INFORMATION SHOWN ::

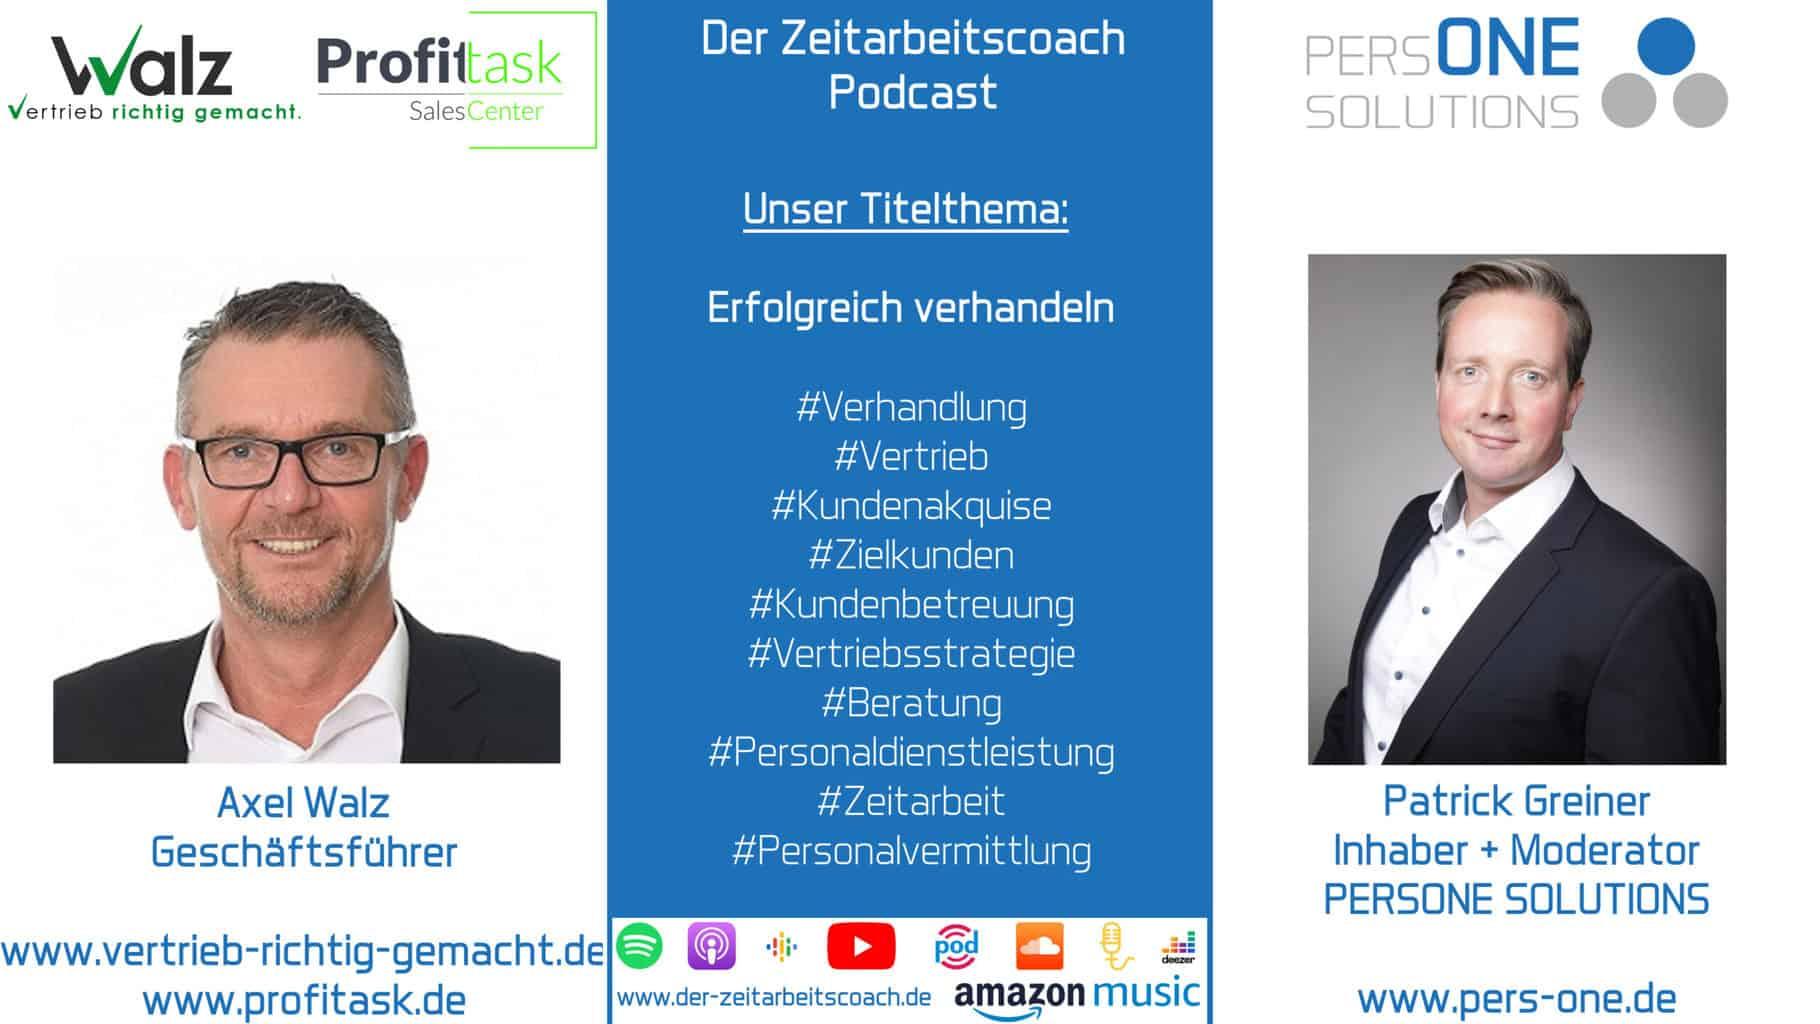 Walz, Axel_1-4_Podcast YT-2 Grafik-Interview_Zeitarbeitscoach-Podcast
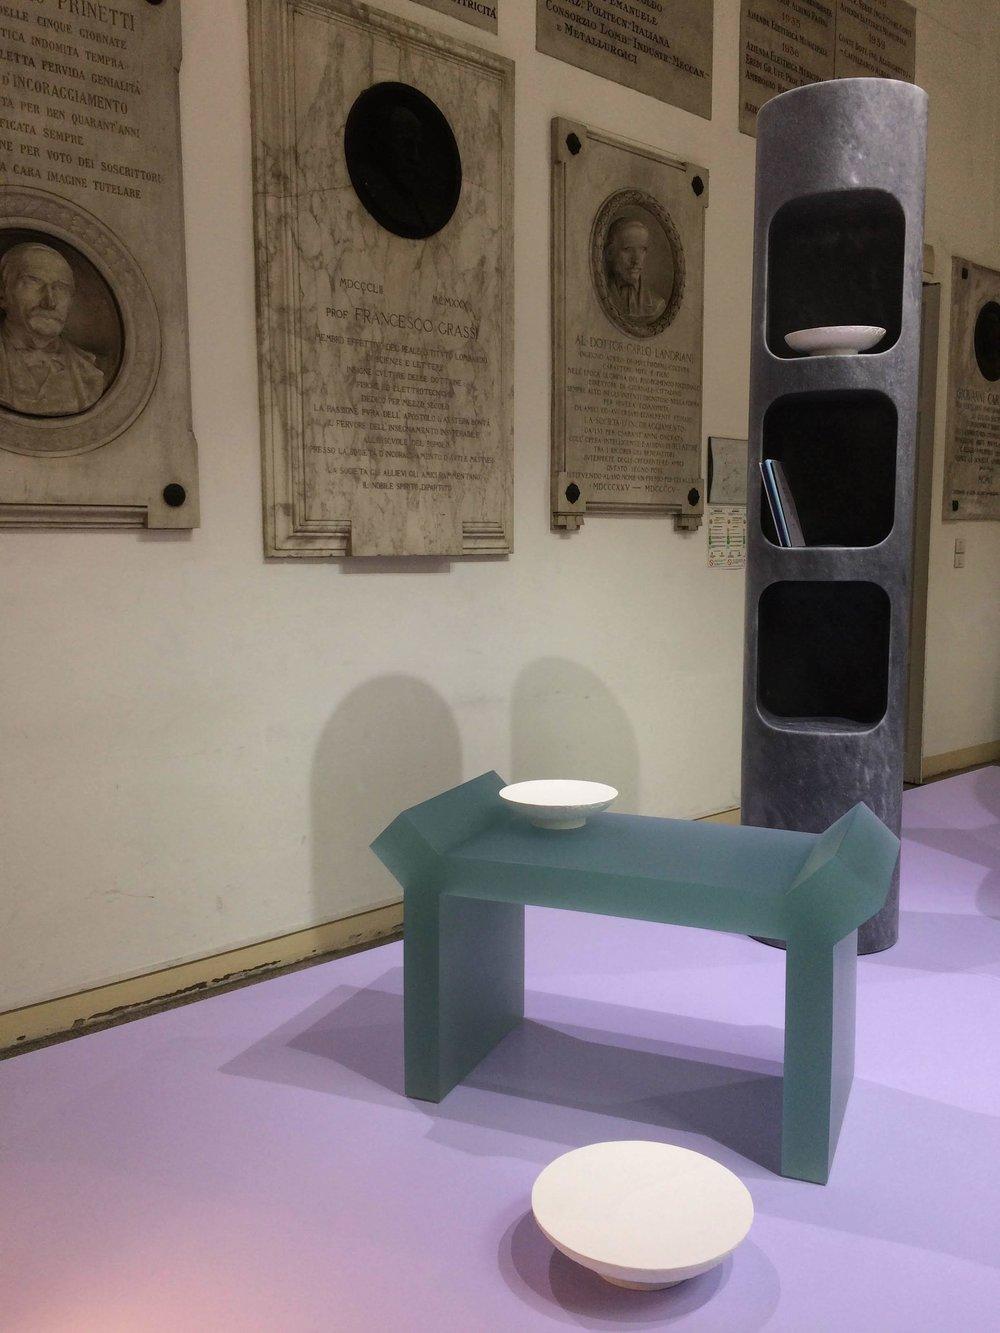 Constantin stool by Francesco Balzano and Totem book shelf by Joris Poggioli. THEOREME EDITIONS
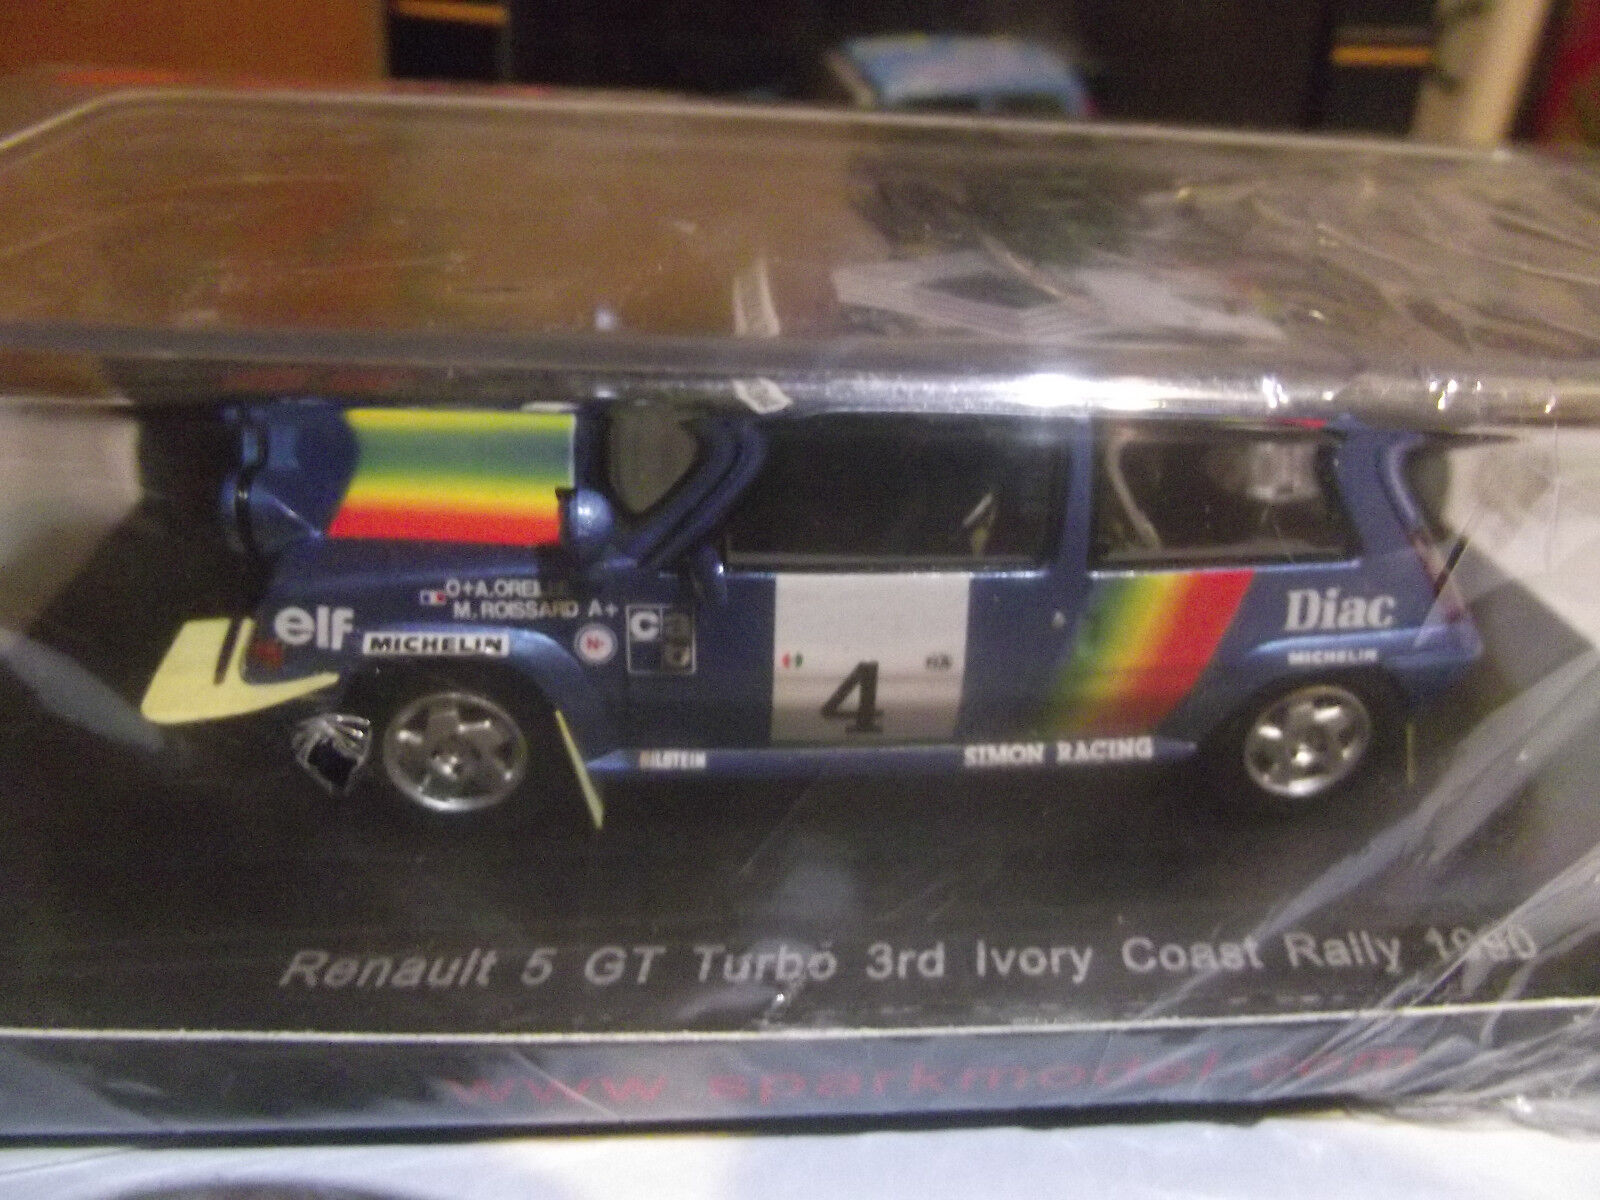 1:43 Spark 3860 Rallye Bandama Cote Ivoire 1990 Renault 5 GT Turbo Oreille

==

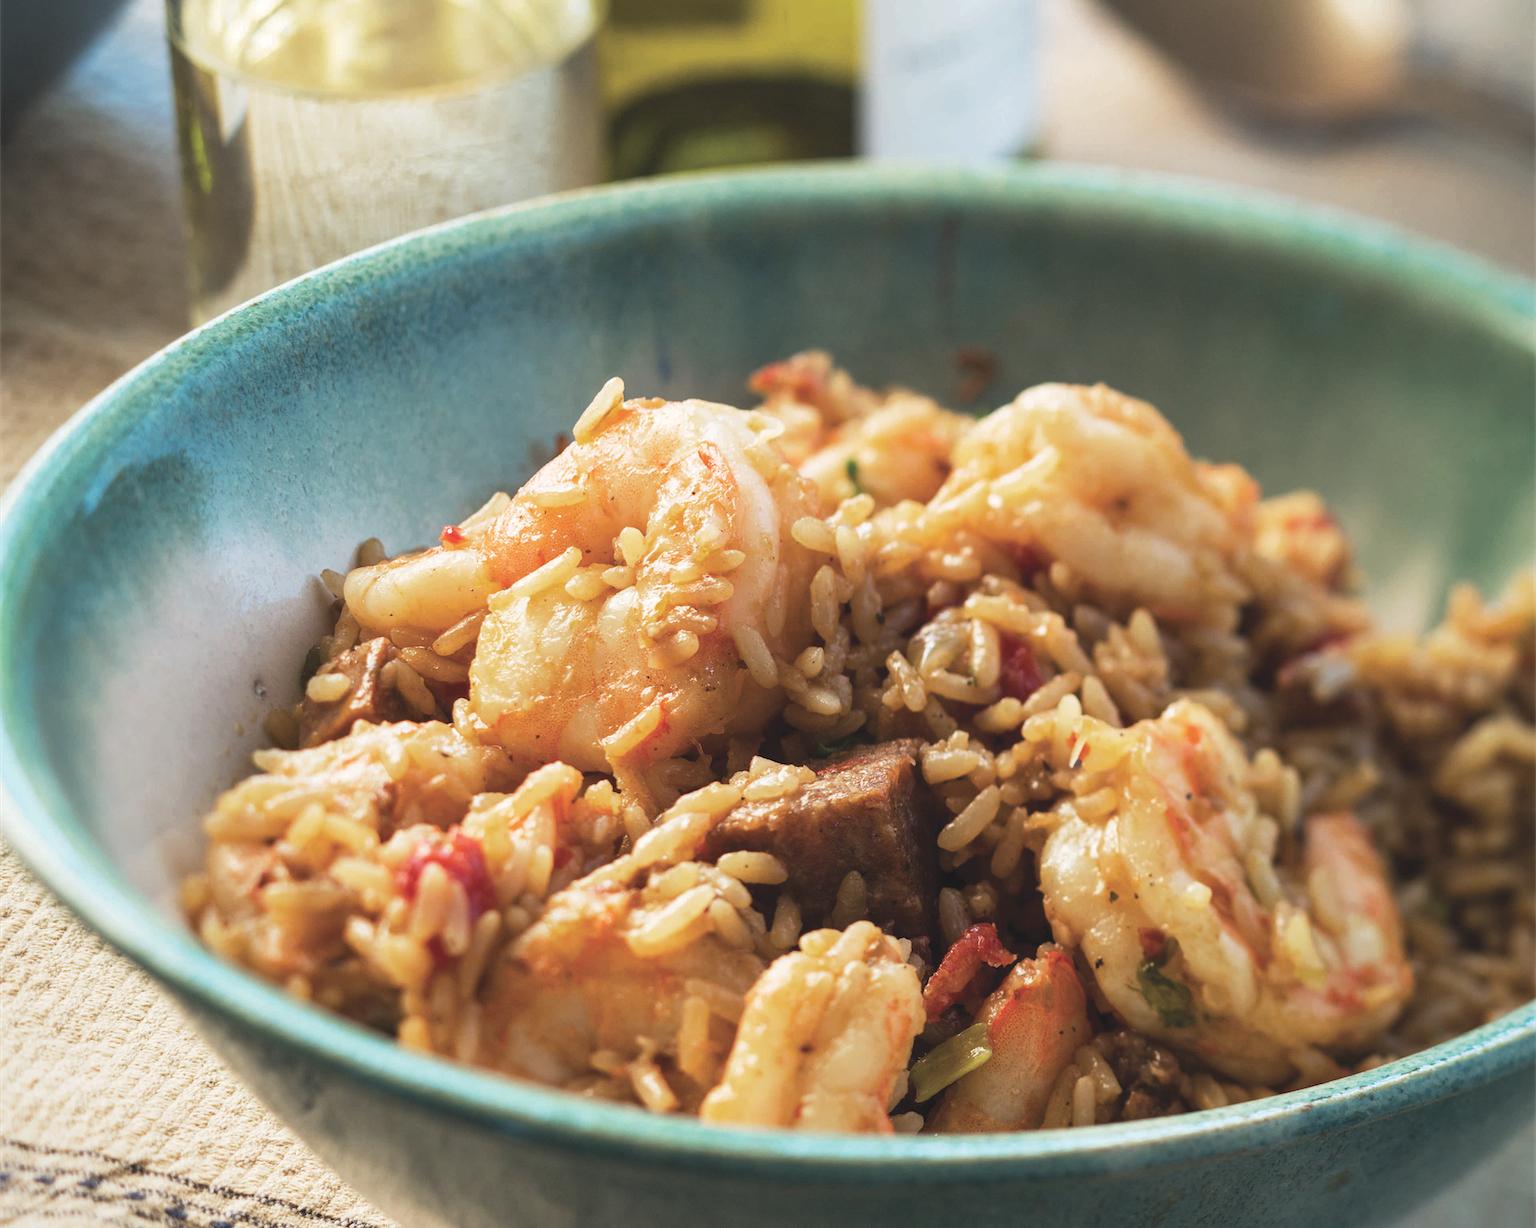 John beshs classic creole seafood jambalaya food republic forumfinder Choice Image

EXERCISE DIRECTIONS :: Return the material from the line containing "Walz, Axel_1-4_Podcast YT-2" through the line containing "1:43 Spark 3860", exactly and in full, but without its pictures.

TASK RESULT ::
 Walz, Axel_1-4_Podcast YT-2 Grafik-Interview_Zeitarbeitscoach-Podcast
 Constantin stool by Francesco Balzano and Totem book shelf by Joris Poggioli. THEOREME EDITIONS
 1:43 Spark 3860 Rallye Bandama Cote Ivoire 1990 Renault 5 GT Turbo Oreille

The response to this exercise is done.